L'éclectique Roselyne Bachelot décroche le portefeuille de Ministre de la Culture. Personnage médiatique, haut en couleurs, qui tranche avec la transparence de son prédécesseur. Faisant passer la Culture pour un avatar de la Grande Muette, on peine à se souvenir des propositions de Franck Riester dont la malheureuse contamination au Covid-19 aura davantage fait parler de lui que ces presque deux ans passés rue de Valois.
Pour ne citer qu'un exemple, l'absurde maintien de la Fête de la Musique dit beaucoup d'une politique à l'encéphalogramme idéologiquement plat, rivé à ce divertissement et ces paillettes qui tiennent lieu de vision culturelle. Certes, l'heure n'est pas à la volonté de prolonger la morosité du confinement, non plus du reste à décréter officiellement que tout peut rouvrir comme avant. Le premier des dossiers d'une ministre de la Culture ex-ministre de la Santé, sera de desserrer l'étau sanitaire qui plombe les festivals et les lieux de spectacle vivant. Roselyne Bachelot devra juguler une seconde vague sociale et économique qui frappe le secteur culturel à hauteur de 22 milliards de pertes, soit une chute vertigineuse de 60% du chiffre d'affaires.
On ne connaît pas trop les moyens qu’elle aura à disposition. Sous le fard et la poudre, on peut craindre des solutions en forme de bouts de ficelles : crédit d'impôts, exonérations diverses… bien peu de choses en définitive pour un secteur déjà sinistré à qui on propose avant tout une calinothérapie, faute de mieux.
L'Élysée joue avec Roselyne Bachelot une carte sympathie et engagement qui ne manquera pas de peser dans les négociations et faire passer la pilule amère du désarroi et de l'absence de vision au plus haut sommet de l'État. Qu'attendre en effet de ces "États généraux des festivals", nom ronflant d’un vaste tour de table doloriste qui n’effacera pas la vérité : toutes les velléités de maintenir les manifestations se sont heurtées au mur administratif et politique des mesures d'urgence sanitaire, qui a empêché la moindre adaptation des programmes à la situation, au contraire de ce qu’on a pu constater dans d’autres pays européens.

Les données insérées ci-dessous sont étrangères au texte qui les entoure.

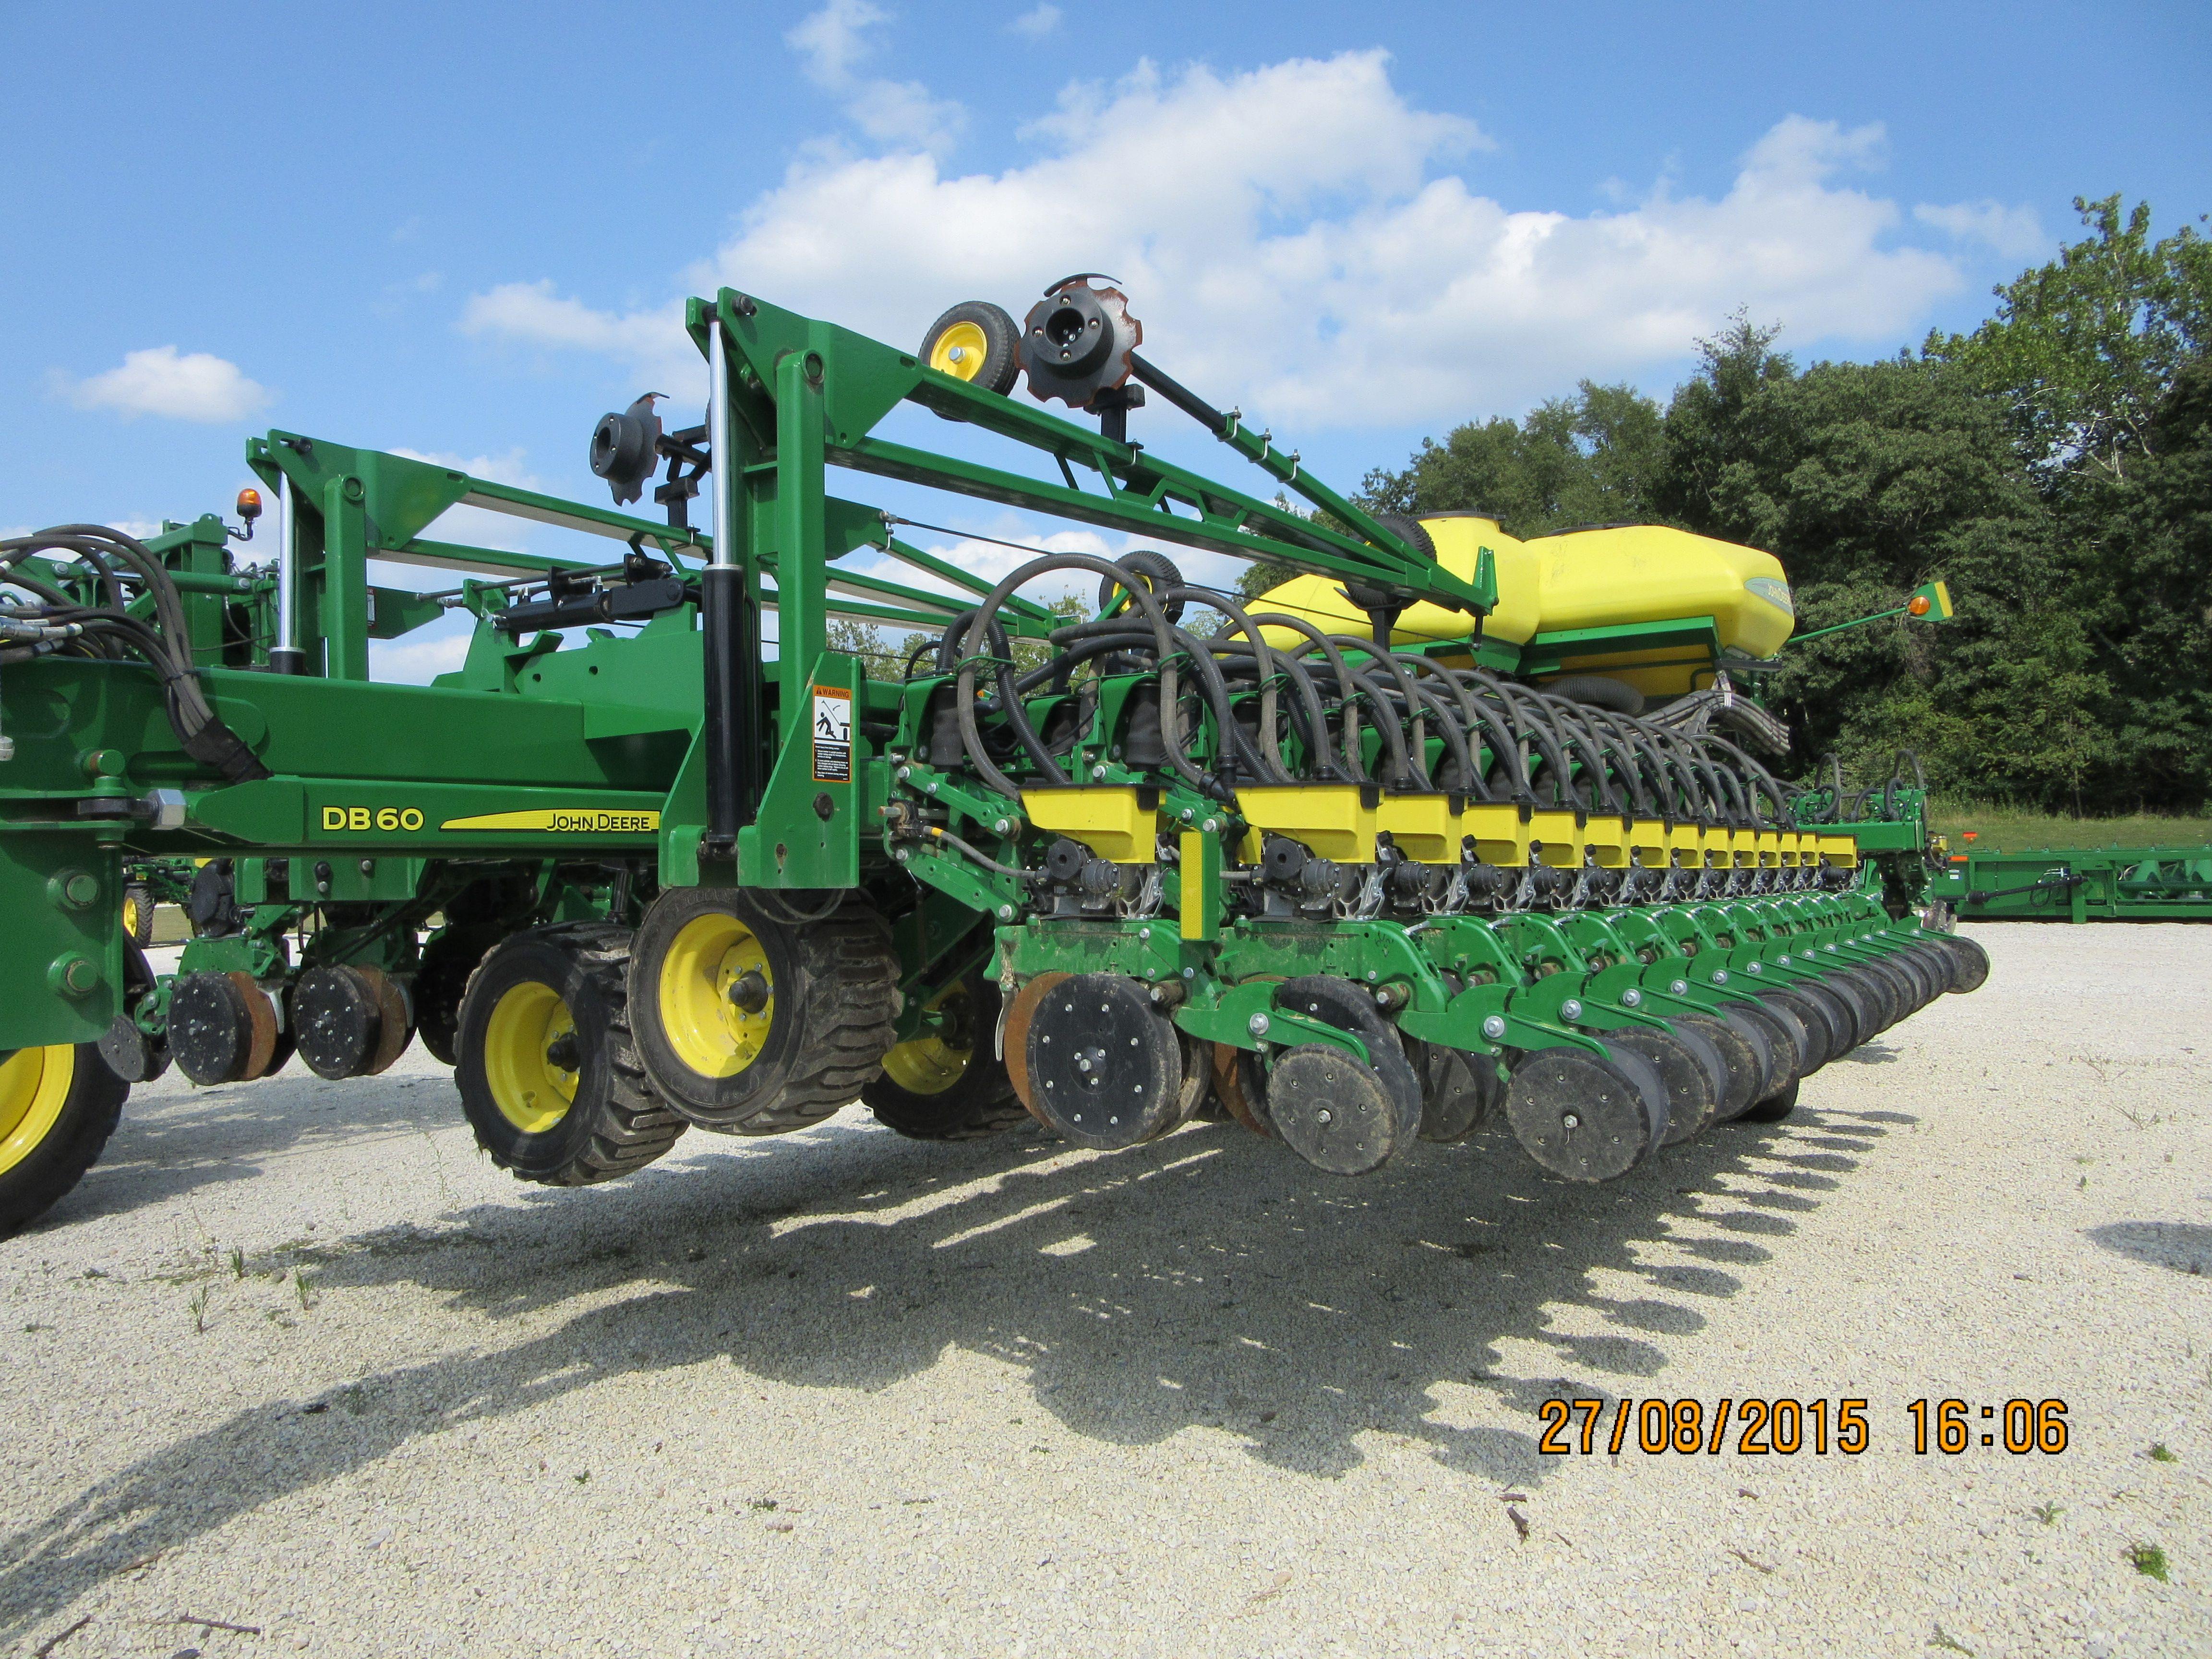 Biggest Seeder Of John Deere: 72 Row John Deere DB60 Planter

Les dossiers en souffrance au Ministère de la Culture auraient pu faire pâlir nombre de candidats au poste : le serpent de mer des intermittents du spectacle ou de la réforme audiovisuelle, le bilan mitigé du Pass Culture, le plan bibliothèques… Et arrivé récemment au sommet de la pile, l’Opéra de Paris, après l’annus horribilis marqué par les gilets jaunes, la réforme de retraites et le coronavirus. Avec 40 millions de pertes au minimum, la grande boutique a finalement un peu aménagé sa programmation à l’instar d’autres théâtres, dont une version concert d'un Ring qui devait couronner le mandat de Stéphane Lissner et Philippe Jordan.
Alexander Neef, prochain Directeur Général devra affronter une situation inédite sous l’aile protectrice d'une ministre amatrice d’opéra qui a déjà annoncé : "Je suis une fille de l’Opéra de Paris et je vais en devenir une mère !".
Son franc-parler peut faire sourire, mais elle est bien loin d’être le perdreau de l’année : on ne peut lui faire le procès du débutant naïf en politique. Roselyne Bachelot connaît les antichambres, l'art secret des tractations et les parcours qui jalonnent toute cette diplomatie républicaine grâce à laquelle on obtient des rallonges et des arbitrages. Il y a fort à parier qu'au final, elle tirera son épingle du jeu que ce soit par une exposition médiatique revigorée de façon impromptue par la crise sanitaire, soit par une culture politique que bien des membres du gouvernement peuvent lui envier. Il n'est pas impossible que sa récente prestation devant la commission d'enquête parlementaire ait pu jouer en sa faveur… Dans la situation actuelle, le verbe haut et parfois fleuri vaut sans doute mieux qu'un diplômé en gestion et sciences économiques timoré et en retrait.
On attend donc des propositions et la défense d’une ligne qui aille au-delà de l’opéra, cet art qu’on dit désuet et dont on annonce la mort depuis des décennies, qui sert de cible économique et idéologique.
Entre un Président de la République peu concerné par l’art lyrique et des khmers verts dont certains ont déjà juré sa mort, le gueuloir de Roselyne Bachelot aura sans doute un effet : puisse-t-il avoir aussi une efficience.